Starc likened the pitch at the YS Rajasekhara Reddy ACA-VDCA Stadium here to Mumbai’s Wankhede Stadium, where Australia were bowled out for 188 on a seaming wicket and India too lost wickets in cluster at the top before winning by five wickets.

“It was similar to Mumbai in the fact that there was no scoreboard pressure on the chasing team at any stage,” Starc added.

Starc exposed the Indian batters’ frailties against quality left-arm pace bowling by swinging the ball into them. Suryakumar Yadav was sent back by the lanky quick for a second successive first-ball duck.

Asked if he had a plan for Surya, Starc said, “I cannot say if I have thought it that way (as to) who is the batter at the other end. For me, the plan does not change if it is a left-hander or a right-hander, I am still trying to bowl fast and swing it and hit the stumps,” he said.

Starc said there were no specific plans against the Indian right-handers. “My plan has not changed for 13 years, which is to bowl full at the stumps and try to swing it in.

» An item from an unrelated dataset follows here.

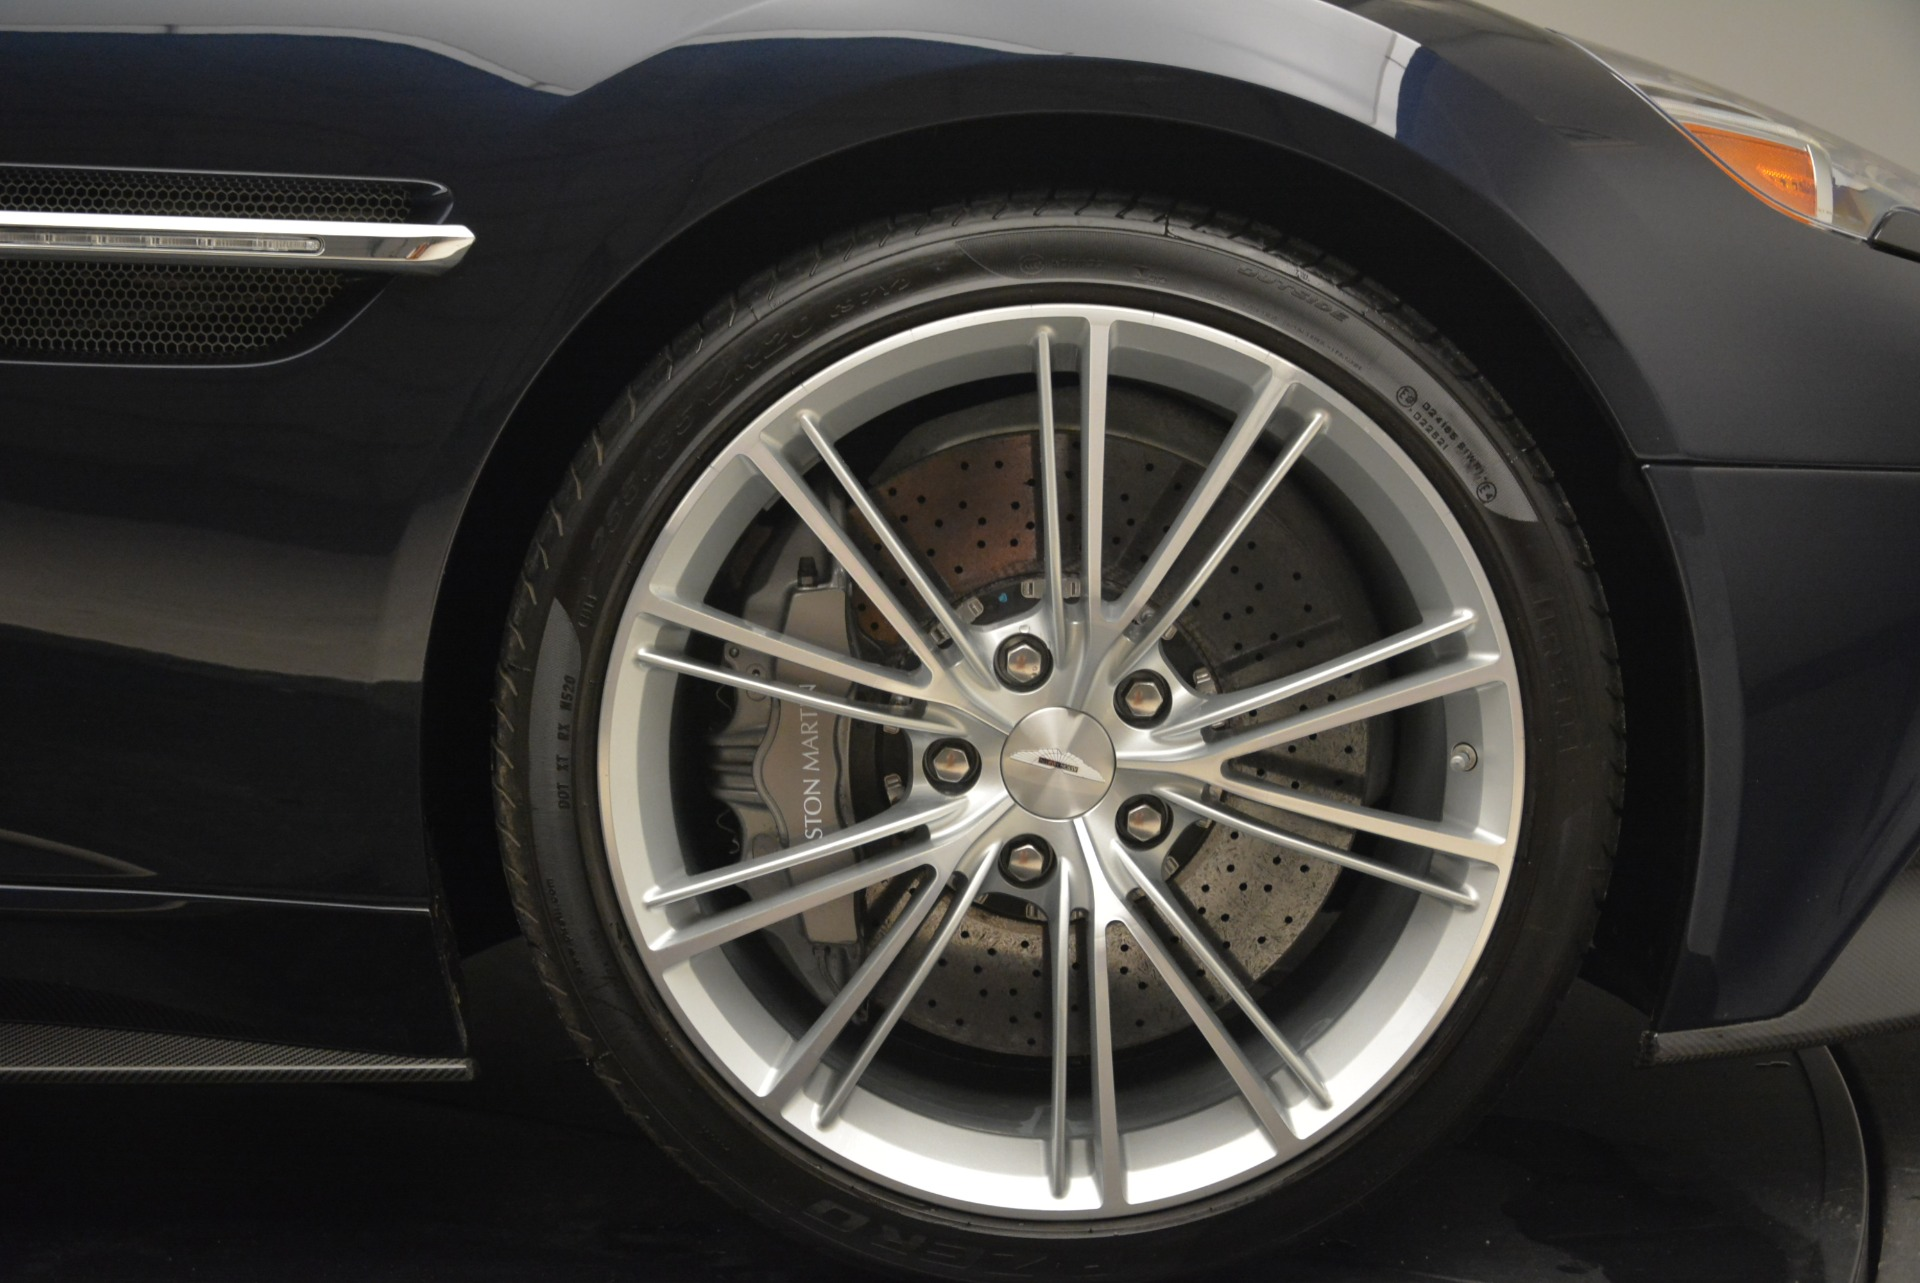 Used 2014 Aston Martin Vanquish Volante For Sale In Greenwich, CT 2097_p28
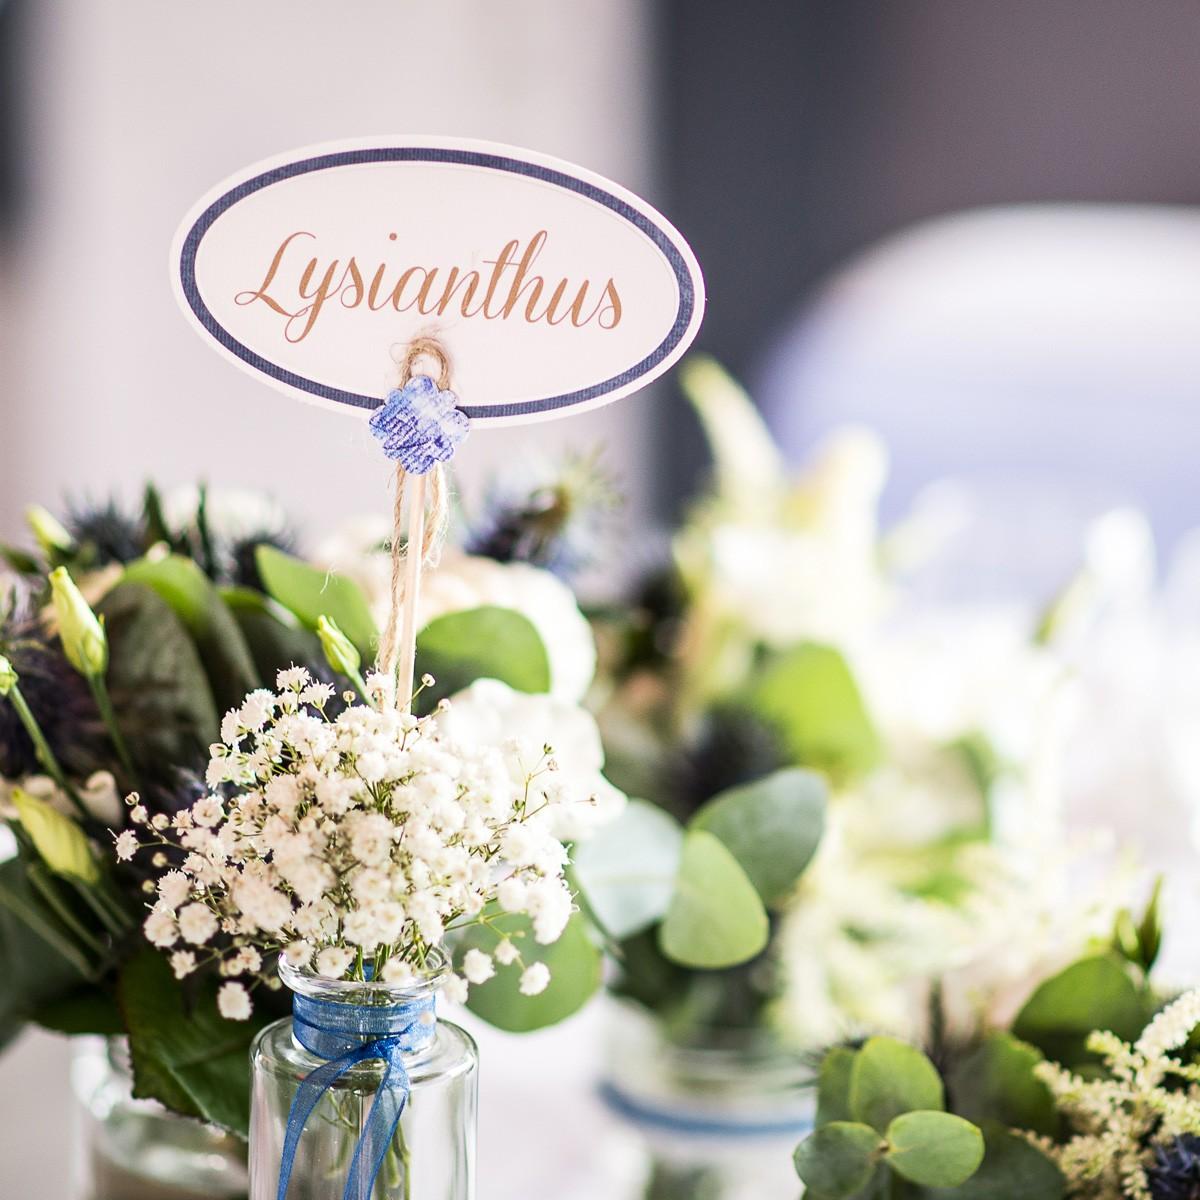 faire-part-mariage-bretagne-bleu-blanc-hortensia-papeterie-personnalisee-helene-ripoll-nom-table-fleur

I think that has just been my role to try and take wickets upfront in the powerplay and that means that I tend to bowl fuller lengths than some other guys like Cameron Green or Pat (Cummins) or Josh (Hazlewood),” he said.

“At times that means I am more expensive but I am trying for a dismissal, so certainly (did) not (have) a new game plan in the last two games. It is something that I have done for a long time, be aggressive and take wickets and, today, our whole bowling attack did that, when we had six wickets in the powerplay.

“That is a big step forward in one-day cricket, when you have a powerhouse batting unit like India have. If you can take wickets in the powerplay that means you can control the game to some respect,” Starc added.

The Australian pace spearhead said the side was focused on winning the series in in Chennai and it was not too much obsessed with ODI World Cup preparations right now.

“A few of us have been here to get accustomed to conditions. With one eye on the World Cup in particular conditions and against India, that is one by-product of the series,” he said.

“This is still (an ongoing) series against India, which we want to win. We move to Chennai for the decider which is exciting. Once we are past that game there will be more focus on the World Cup. (There are) parts of the series with the World Cup on your mind but predominantly for this group, there is a chance to win a one-day in India which is pretty special,” he concluded.